C’était hors de question pour moi. Surtout que je vise 210 langues, dont plusieurs en RTL (arabe, hébreu, farsi, ourdou…). Mon obsession, comme d’habitude : une seule source de vérité.
Ce que mon framework fait pour moi (et ce qu’il ne fait pas)
Point très important à avoir en tête : je ne pars pas d’une feuille blanche. Je m’appuie sur des outils existants, et que je trouve fiables et bien pensés, et une bonne partie du boulot est déjà géré par eux. De mon côté, je veille surtout à bien les utiliser, et je comble les manques qu’ils ne couvrent pas, ou pas assez bien à mon goût.
Mes deux fondations :
Ark UI : la librairie de composants sur laquelle repose mon design system. Elle gère nativement la notion de direction : je lui dis « on est en arabe », et les comportements de ses composants (menus, popovers, etc.) s’adaptent. Un truc que j’ai appris à mes dépens : il ne suffit PAS de coller un
dir="rtl"sur une balise et d’espérer ; il faut vraiment passer par le mécanisme prévu par le framework.Panda CSS : mon moteur de styles. C’est lui qui me permet d’écrire mes styles de façon « logique » plutôt que « physique ».

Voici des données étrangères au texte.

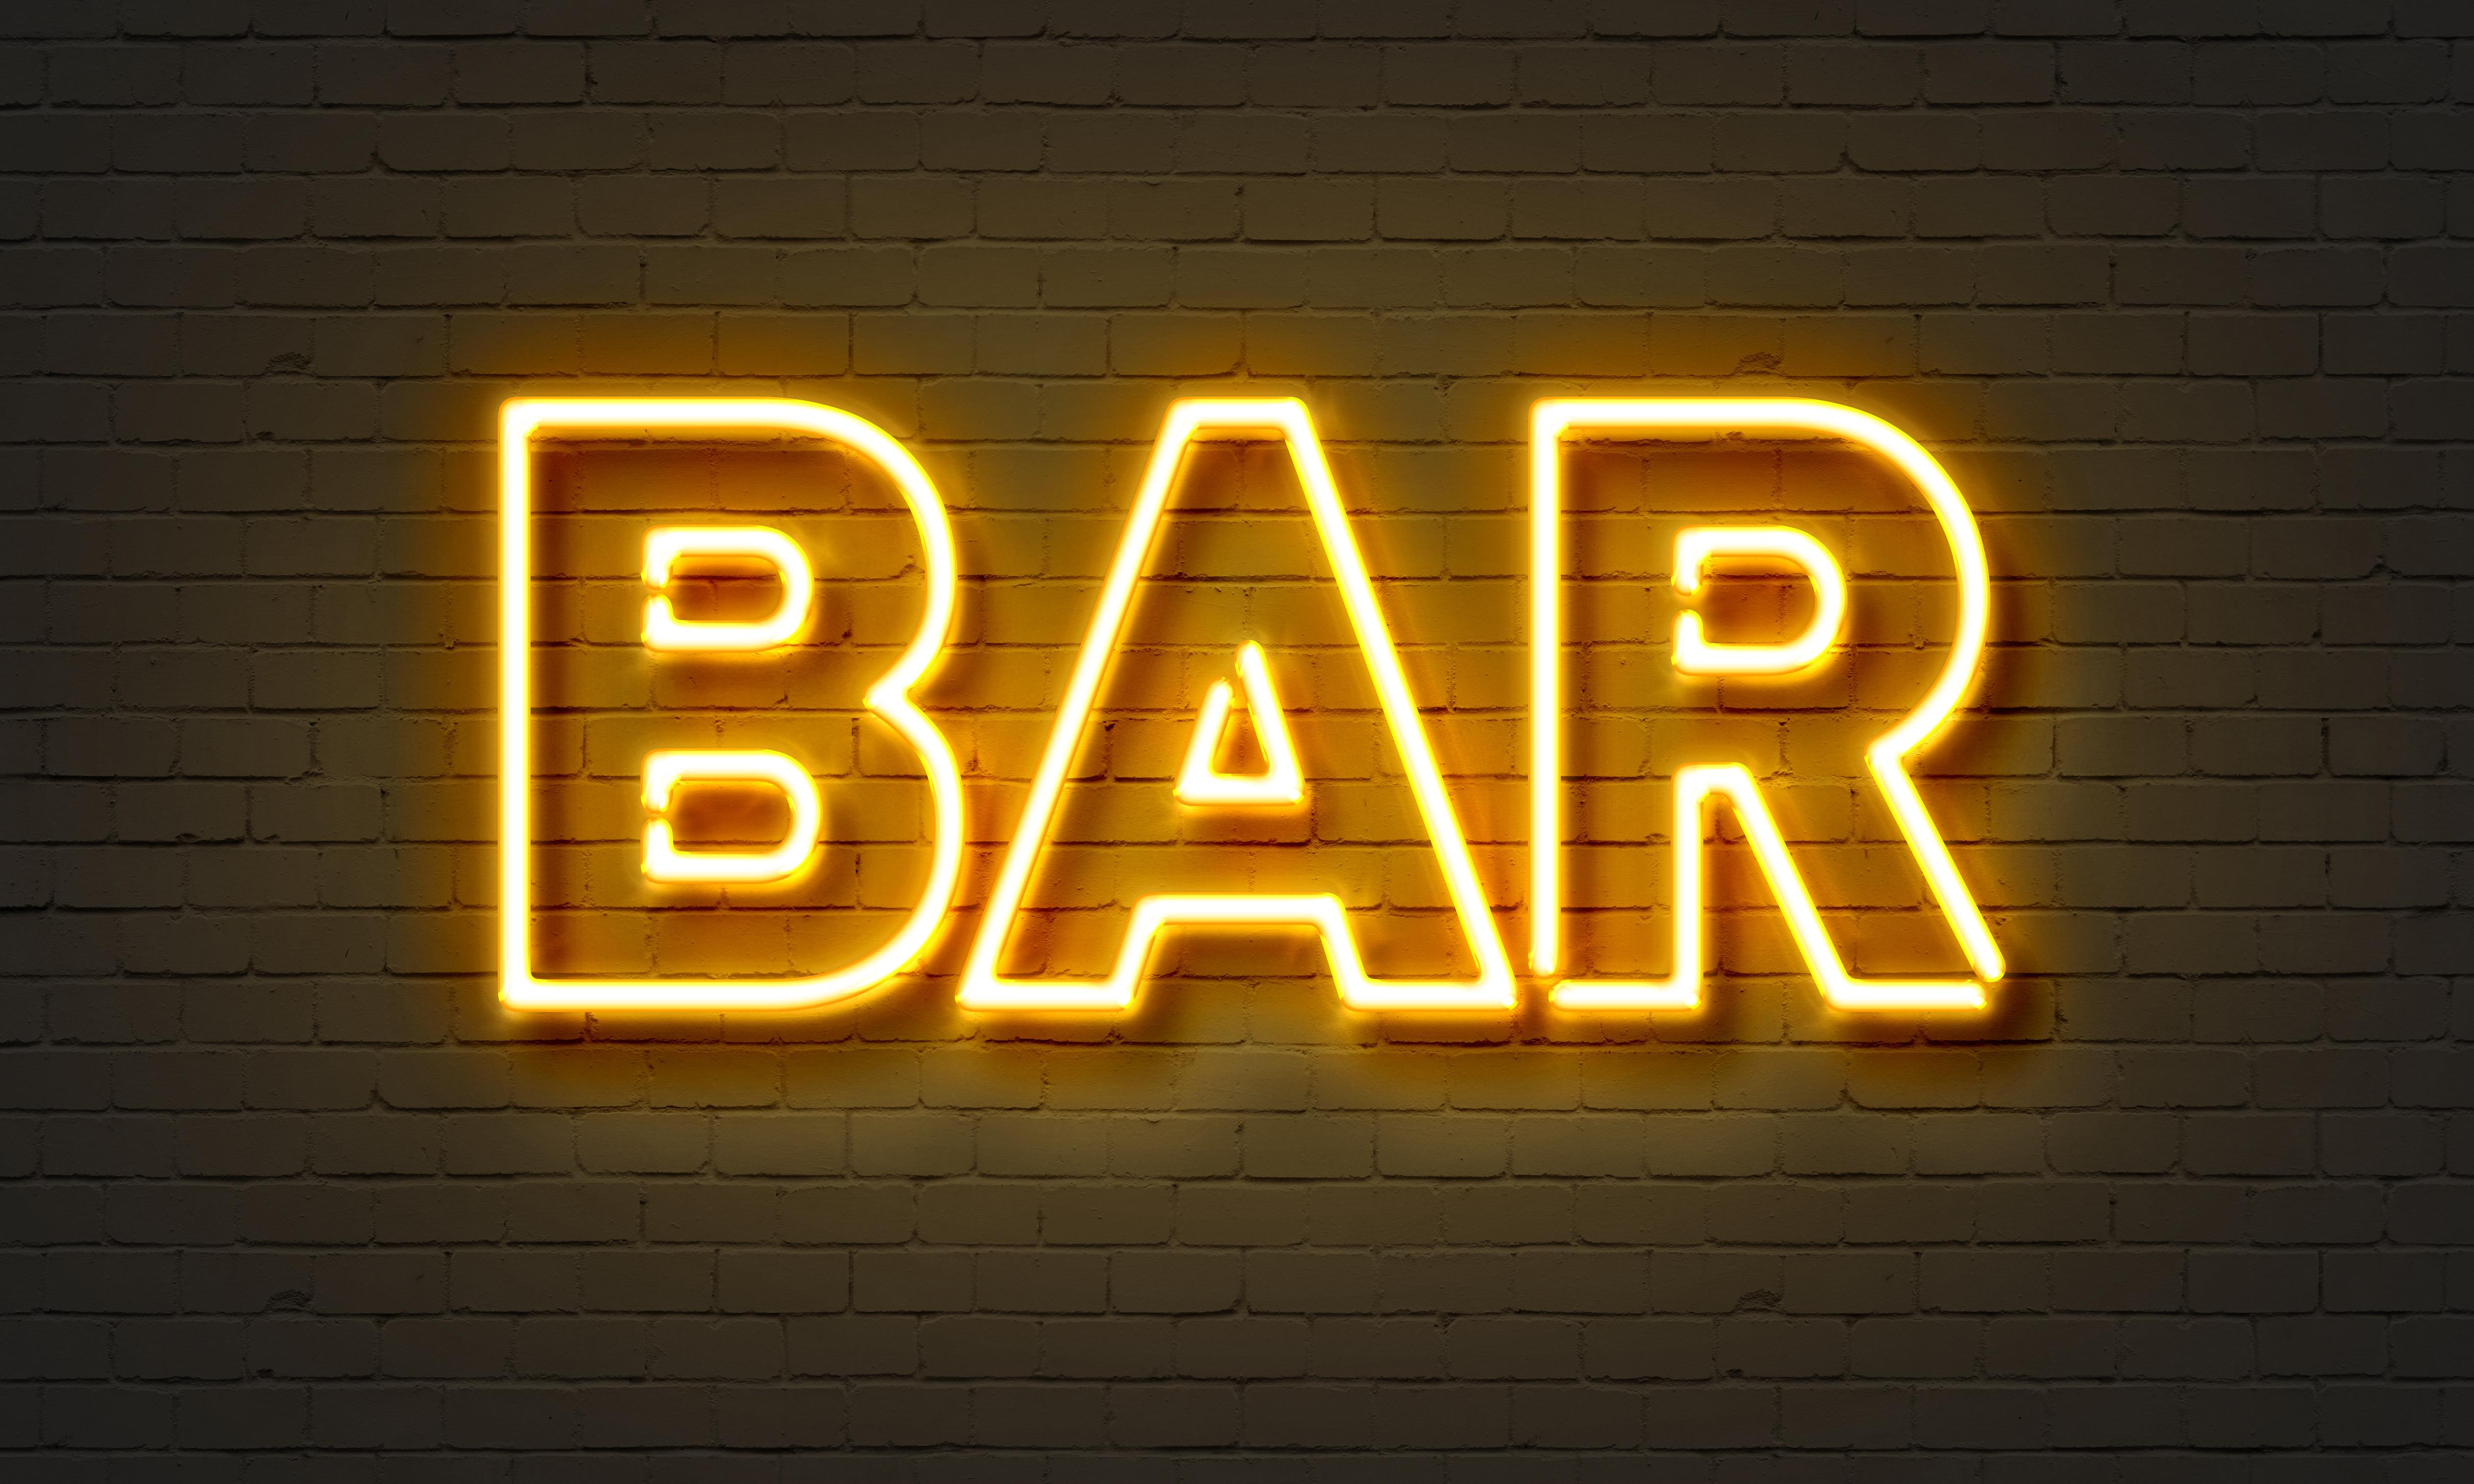 Bar neon sign - Custom Wallpaper

Qu’est qu’un style “logique” ?
C’est LE truc qui évite de tout dupliquer. Au lieu d’écrire « à gauche », j’écris « au début ». Et le « début », en français c’est la gauche… mais en arabe, c’est la droite. Le navigateur fait le miroir tout seul.
Au lieu d’écrire… (physique) ➡️ J’écris… (logique)
marge à gauche ➡️ marge au début
texte aligné à gauche ➡️ texte aligné au début
collé en haut à gauche ➡️ collé en haut au début
Résultat : 90 % du miroir se fait « automatiquement », juste en écrivant mes styles correctement.
Restent les 10 % qu’aucun framework ne devine à ta place :
Les icônes directionnelles : une flèche « suivant » qui pointe à droite doit pointer à gauche en arabe. Là, je dois explicitement la retourner (un effet miroir).
Les animations : un panneau qui glisse depuis la gauche doit glisser depuis la droite. J’inverse le sens à la main.
Le contenu mixte : un chiffre ou un nom propre latin au milieu d’un texte arabe. Il faut gérer la cohabitation des deux sens dans la même phrase.
Comment je m’assure que rien ne casse
Avec un design system qui grandit, le risque, c’est qu’un composant oublie le RTL et casse l’affichage en arabe sans que personne ne s’en rende compte.
Ma parade : un script d’audit que je lance d’une seule commande (pnpm rtl:audit), et qui me dit : « ce composant n’a pas prouvé qu’il s’affiche correctement en miroir ».
Concrètement, il vérifie deux choses :
Chaque composant doit avoir une démo en arabe dans mon catalogue (Storybook), avec du vrai texte arabe — pas du faux latin. Parce que tu ne vois les vrais problèmes qu’avec du vrai contenu.
Aucun composant ne doit utiliser un style « physique » interdit (genre « marge à gauche » en dur) qui casserait le miroir.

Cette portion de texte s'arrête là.